La diplomatie en l'absence d'un traité : accords-cadres, juges de liaison et ce qui fonctionne réellement lorsque la Convention de La Haye de 1980 ne s'applique pas.

Lorsque la Convention de La Haye ne s'applique pas : Égypte, Jordanie, les Émirats arabes unis et le protocole judiciaire Royaume-Uni–Pakistan. Ce que les accords intergouvernementaux (MOU) accomplissent réellement (communication, et non des retours), pourquoi la diplomatie judiciaire est la plus efficace, et comment l'adhésion combinée à l'article 38 constitue la solution finale.

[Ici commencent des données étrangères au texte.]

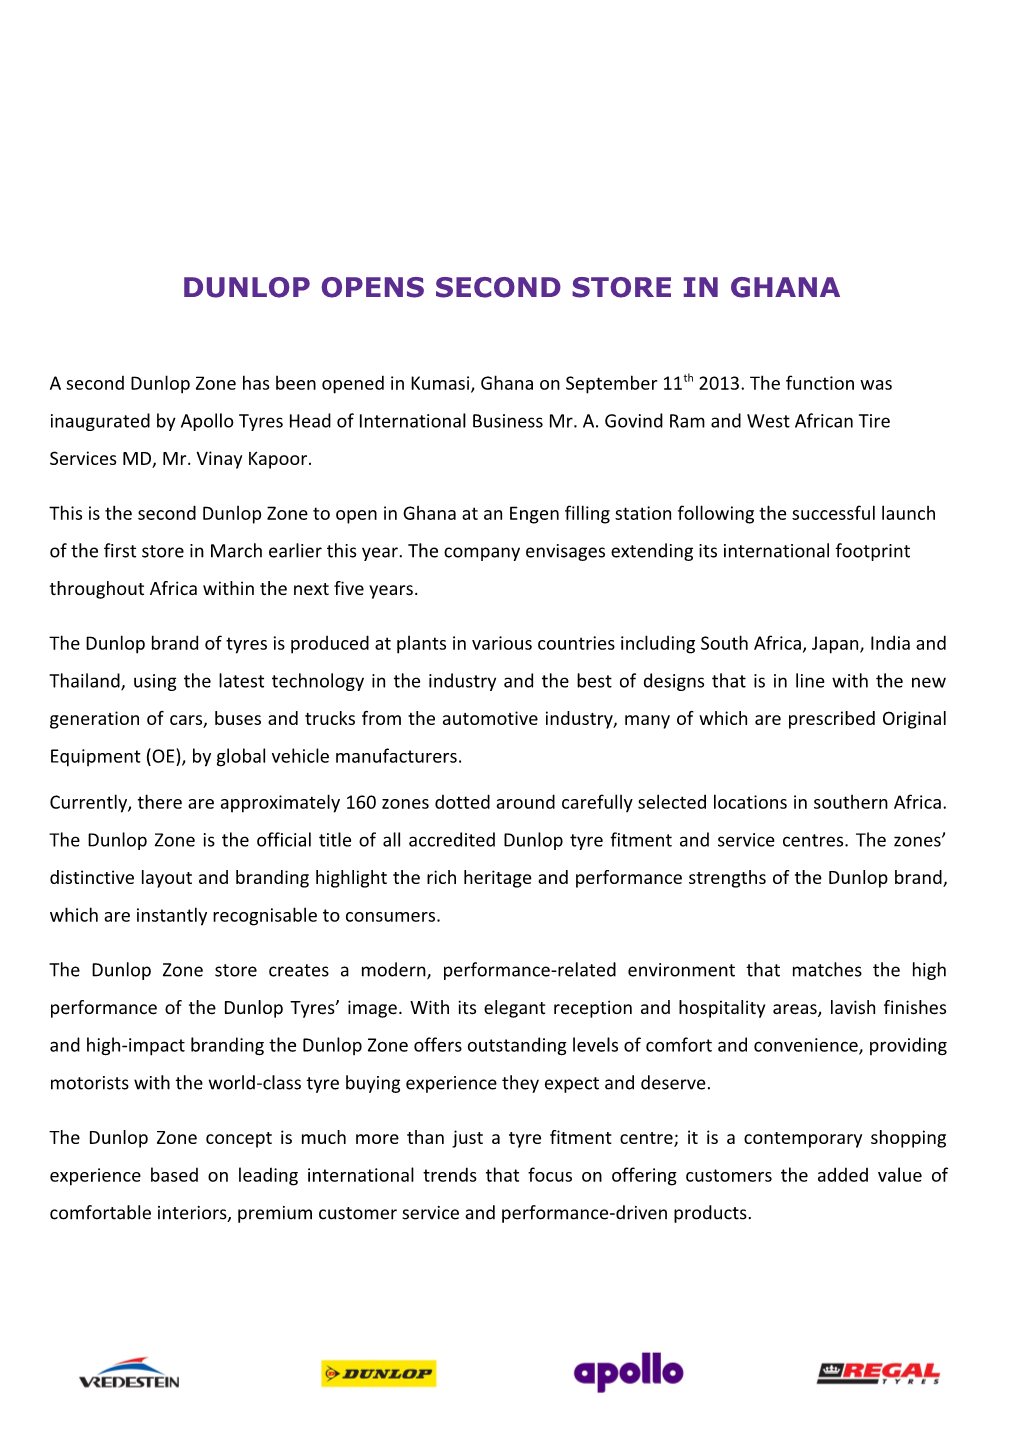 Dunlop Opens Second Store in Ghana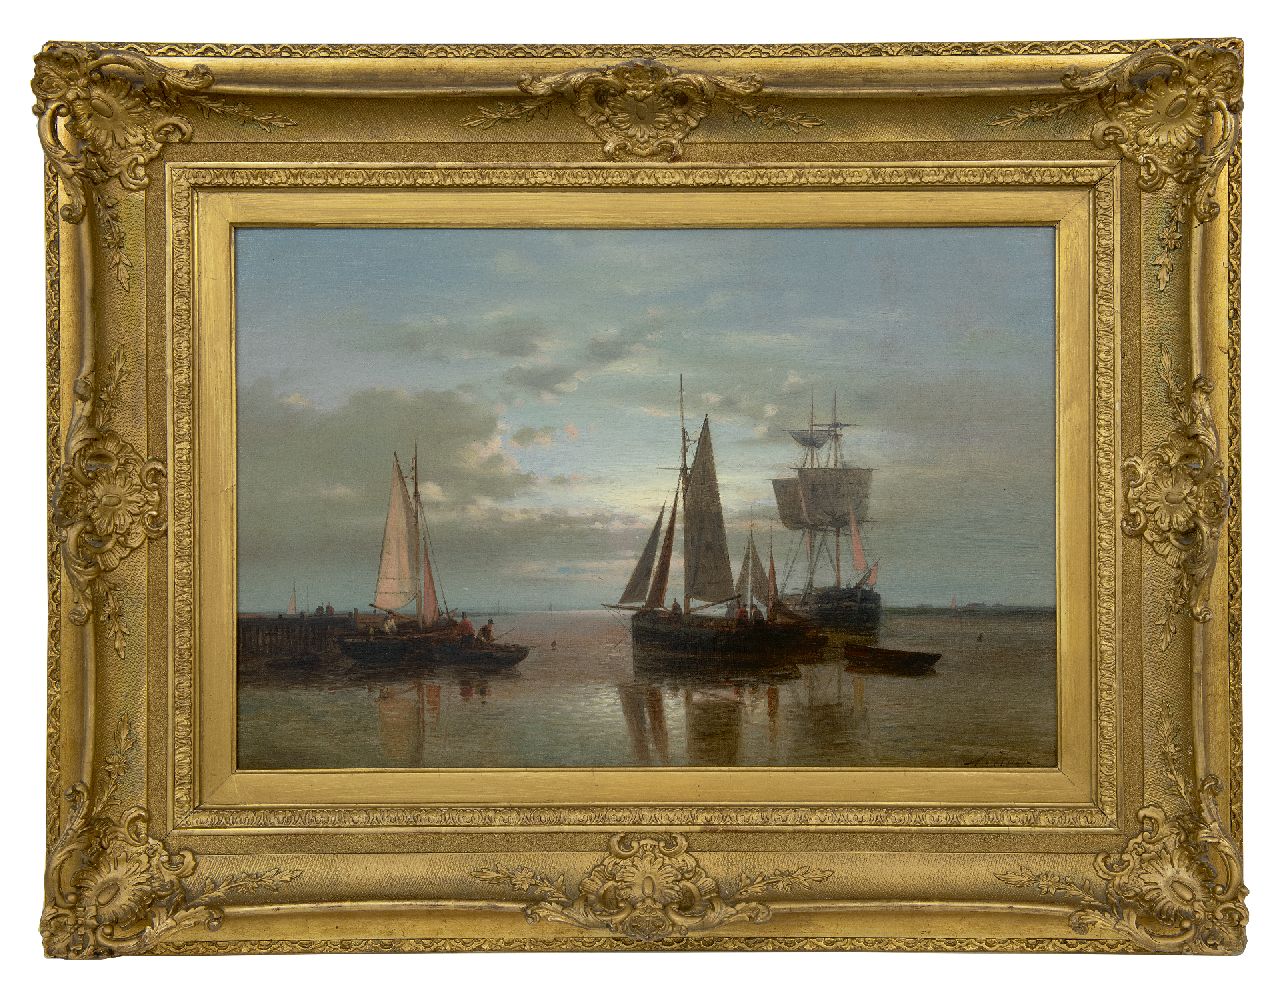 Hulk A.  | Abraham Hulk | Paintings offered for sale | Sailing ships anchored at sunset, oil on canvas 40.5 x 60.8 cm, signed l.r.

Série : n° 20 (Pakistan / Égypte / Jordanie / Émirats arabes unis / Arabie saoudite)·Mise à jour. 2026-07-05·11 minutes de lecture.

Résumé analytique.

Environ la moitié des pays du monde ne sont pas parties à la Convention de La Haye relative aux enlèvements internationaux d'enfants. Cette zone comprend l'Égypte, la Jordanie, les Émirats arabes unis, l'Arabie saoudite et, jusqu'en 2016, le Pakistan. Dans ces pays, les décisions de justice étrangères en matière de garde n'ont pas force exécutoire directe, et le parent qui s'est retrouvé séparé de son enfant doit recommencer à zéro. Les gouvernements ont comblé ce vide avec un ensemble d'outils alternatifs : des mémorandums d'entente (MOUs), des commissions consulaires et des protocoles judiciaires. La réalité est la suivante : les MOUs, qui constituent une promesse de communication en matière de droit de visite et de résolution amiable des conflits familiaux, sont essentiels. about enfants, et non déplacements. de enfants**, et les résultats obtenus, mesurés par le nombre de retours effectifs, ont été minimes. L'instrument qui a véritablement établi un principe de retournement des situations a été créé par deux juges, et non par des diplomates : il s'agit du document de 2003. Protocole judiciaire Royaume-Uni – Pakistan.. Sa portée est la suivante : l'engagement par le biais d'accords secondaires ne remplace pas l'adhésion à la Convention, mais constitue une préparation pour celle-ci, comme l'a démontré l'adhésion du Pakistan en 2016. Et après l'adhésion, il faut effectuer les démarches que SafeReturn souligne : selon l'article 38, le terme "adherant" a des significations différentes pour différents couples de pays. Ceci est une information pédagogique et ne constitue pas un conseil juridique.

Introduction.

L'article #8 cartographie le plus vaste territoire au monde qui n'est pas couvert par un traité, à savoir l'Inde. Cependant, l'Inde est un seul pays d'une vaste zone de juridictions situées en dehors du système de La Haye – incluant l'Égypte, la Jordanie, les Émirats arabes unis, l'Arabie saoudite et, jusqu'à récemment, le Pakistan – où le droit de la famille repose sur des principes que la Convention n'a jamais envisagés, où les décisions de justice étrangères en matière de garde d'enfants n'ont pas force exécutoire directe, et où la situation juridique du parent laissé pour compte part de zéro.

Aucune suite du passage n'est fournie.